This is the material for the Advanced Text Analysis with R course as part of the City University of Hong Kong Summer School in Social Science Research. I will use this page to publish lecture slides, hand-outs, data sets etc. As the title indicates, the course will be taught almost completely using R. If you don't use R yet, please make sure that you install R and Rstudio on your laptop.
This repository hosts the slides (html and source code). The source code for all handouts is published on my learningR page:
**June 2nd (morning):
In this introductory session you will learn how to use R to organize and transform your data: calculating columns, subsetting, transforming and merging data, and computing aggregate statistics. If time permits, we will also cover basic modelling and/or programming in R as desired.
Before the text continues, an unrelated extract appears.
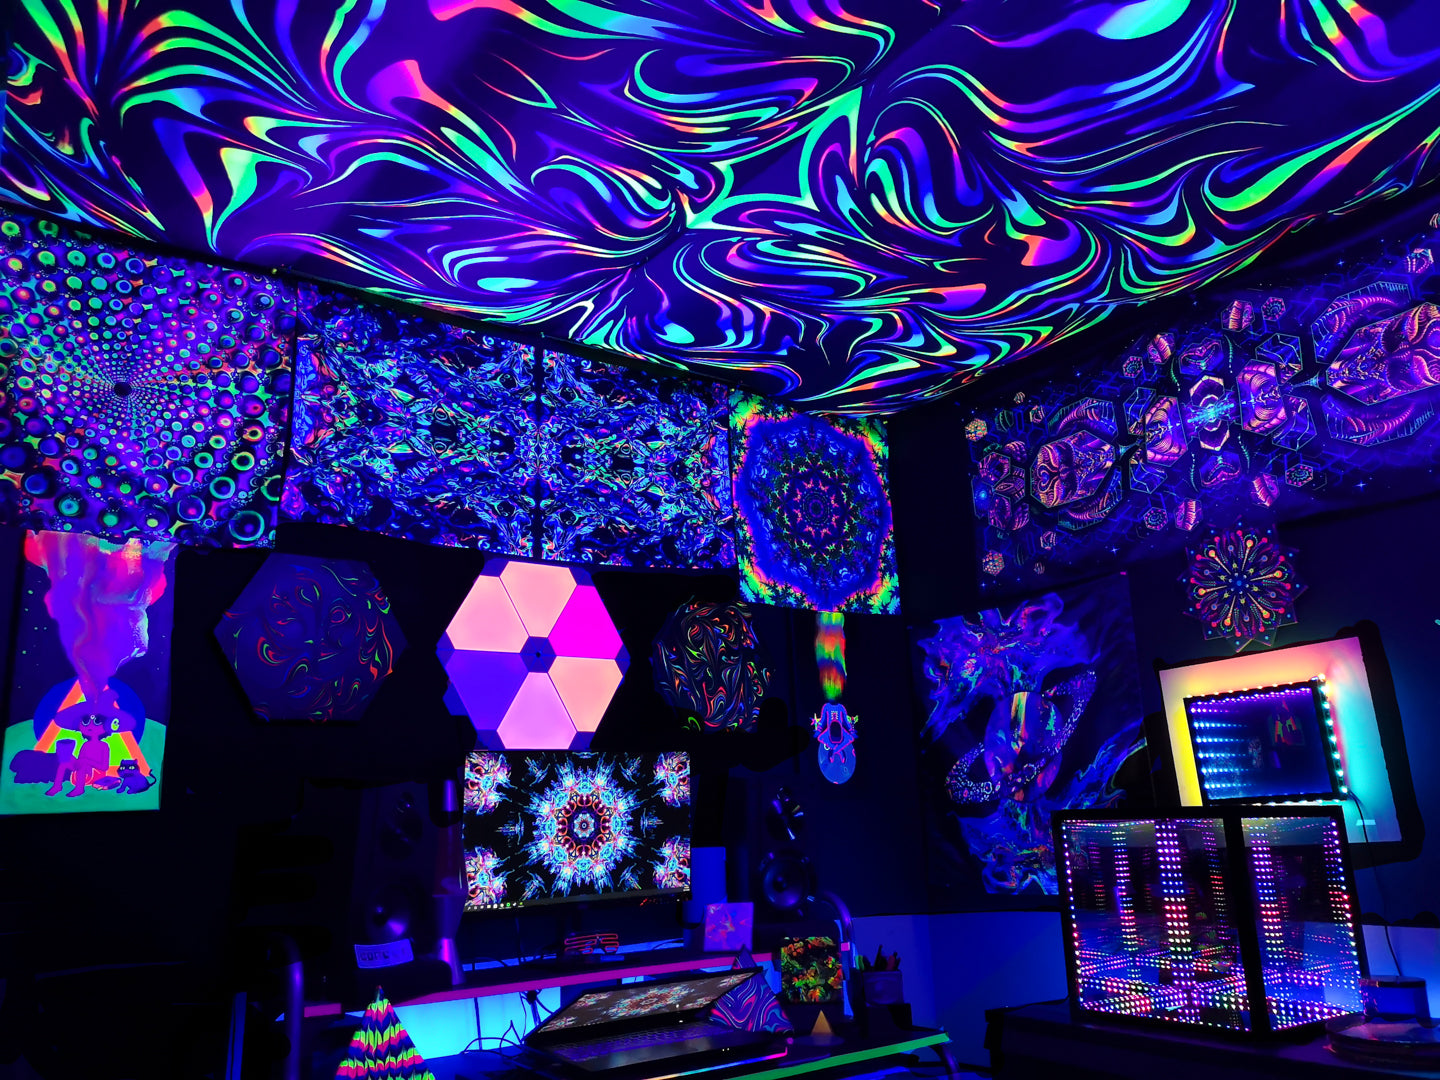 trippy lights for your room

In this session we will look briefly at visualizing data in R. The main focus of the session is on using APIs from R. We will be looking at the Twitter, Facebook, and NY Times API, and also see how to access arbitrary web resources from R.
This is the first session that directly deals with text analysis. The goal of this session is to learn how to use AmCAT as a document management tool, upload data, and perform queries from R.
In this session the focus is on the Document Term Matrix: word clouds, comparison of different corpora, and topic models.
In this session we will do sentiment analysis using both a dictionary approach and with machine learning. These techniques can also be applied to other forms of automatic content analysis such as determining topic or frame analysis.
- Slides
- Handout: Sentiment Resources
- Handout: Lexical Sentiment Analysis
- Handout: Text Classification
- Data: sentiment lexicon
- Data: Amazon reviews
In the last session we will look at semantic network analysis with word-window approaches and more advanced visualization techniques using ggplot2, igraph, and gephi.